The following question showed up as part of a proof that I am doing for my research thesis.
If we have a differentiable function $f: \mathbb{R}^n \to \mathbb{R}$ and then set $n-d$ coordinates to zero we get a new differentiable function $g: \mathbb{R}^d \to \mathbb{R}$. Now, given the gradient $\nabla_x f(x)$, how one can get $\nabla_y g(y)$?
My try
Let $x \in \mathbb{R}^n$ and $S \subset \{1,\dots,n\}$ such that $|S|=d$ where $|\cdot|$ is the cardinality of the set. Let $U_S$ be a restricted identity matrix such that the $j$-th entry of the diagonal matrix is maintained if $j \in S$ otherwise it is set to zero. Also, let $I_S$ be the restriction of $U_S$ where we keep nonzero columns and remove zero columns. Hence,
$$
g(y)=f(U_Sx)
$$
where $y=I_S^{\top}x$.
The above is the translation of what I stated in terms of functions $f$ and $g$.

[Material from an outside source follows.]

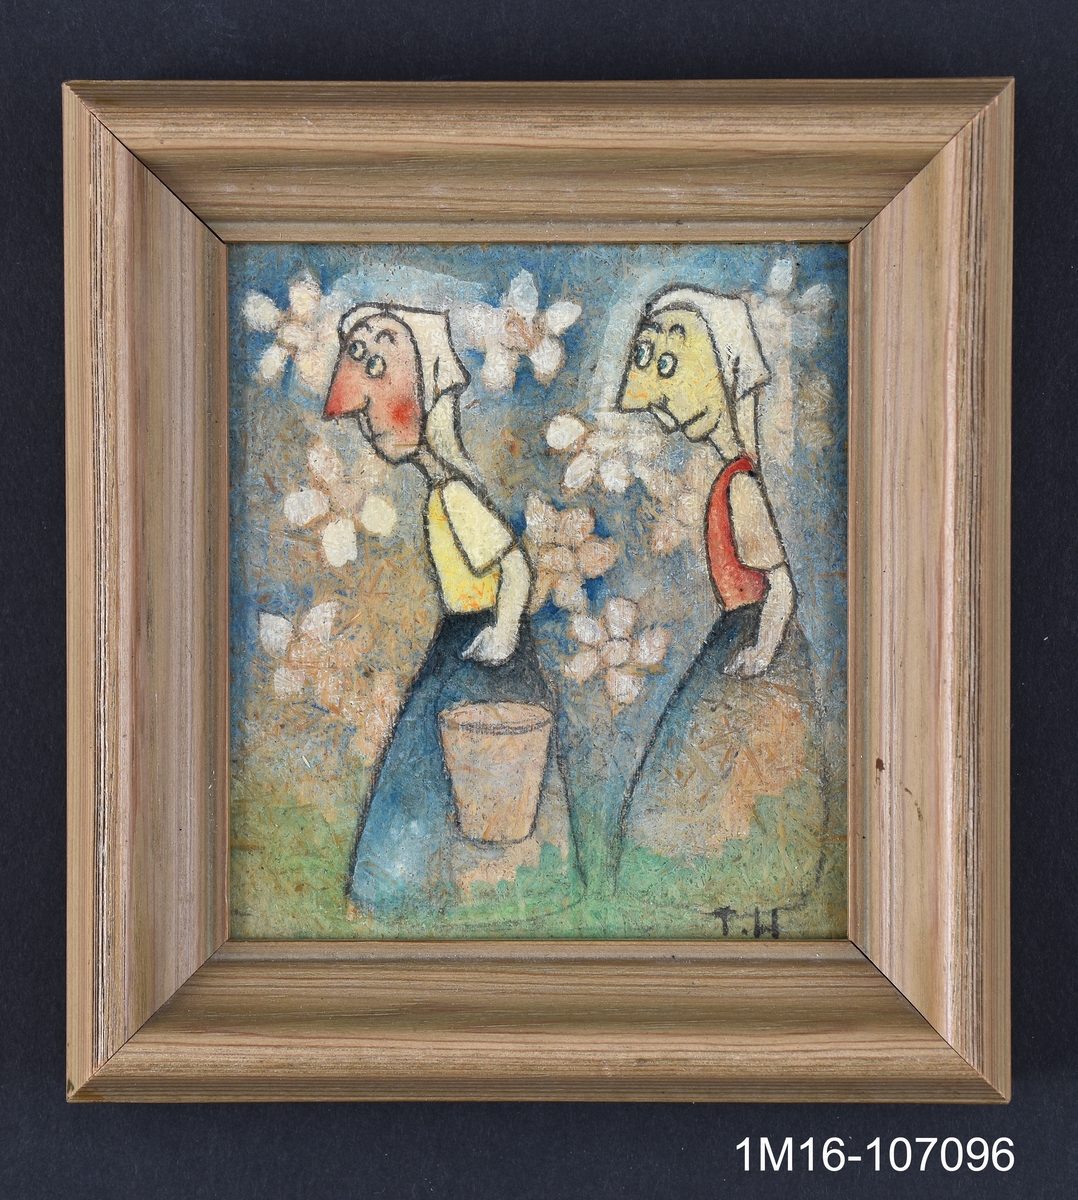 Två kvinnor bär på hinkar. I bakgrunden vita blommor. Tavlan målad på en träfiberskiva.

From this point things are a little bit unclear. I think the answer should be $\nabla_y g(y)=I_S^{\top} \nabla_x f(x)$ but I do not know how to get it.
Also, I know using the chain rule $J_x f(U_S x)=J_{W} f(W)J_x W= J_{W} f(W)U_S$ where $J$ is the Jacobian and $W=U_S x$. In addition, $\nabla^{\top}_x f(U_Sx) = J_x f(U_S x)=J_{W} f(W)U_S$. I do not know how to put things together.
Best Answer
Since no one has posted an answer yet, and I get the same result as you suggest, I thought I'll post my solution for you to judge:
We have that $$U_S x = I_S y$$ so that, vieweing matrices as linear transformations $$g(y) = f(U_S x) = f(I_S y) = f\circ I_S (y)$$ And similar to what you write about $J_{U_S}(x)$ we have $J_{I_S}(y) = I_S$. Applying the chain rule: $J_{h_1 \circ h_2}(a) = J_{h_1}(h_2(a))J_{h_2}(a)$ then gives $$\begin{align} (\nabla_y g(y))^T = J_g(y) =\\ J_{f\circ I_S}(y) = \\ J_f(I_s y)J_{I_S}(y) = \\ J_f(U_s x)I_S = \\ (\nabla_x f(U_S x))^TI_S \implies \\ \nabla_y g(y) = [(\nabla_x f(U_S x))^TI_S]^T = I_S^T\nabla_x f(U_S x) \end{align} $$
Due to the definitions of $U_S$ and $I_S$, the zero columns in $I_S^T$ exactly matches the rows where $\nabla_x f(U_S x)$ and $\nabla_x f(x)$ might differ, so finally we obtain $$ \nabla_y g(y) = I_S^T\nabla_x f(U_S x) = I_S^T \nabla_x f(x) $$
Edit:
As pointed out in the comments, it would be more correct to write $$ \nabla_y g(y) = I_S^T\nabla_x f(I_S y) $$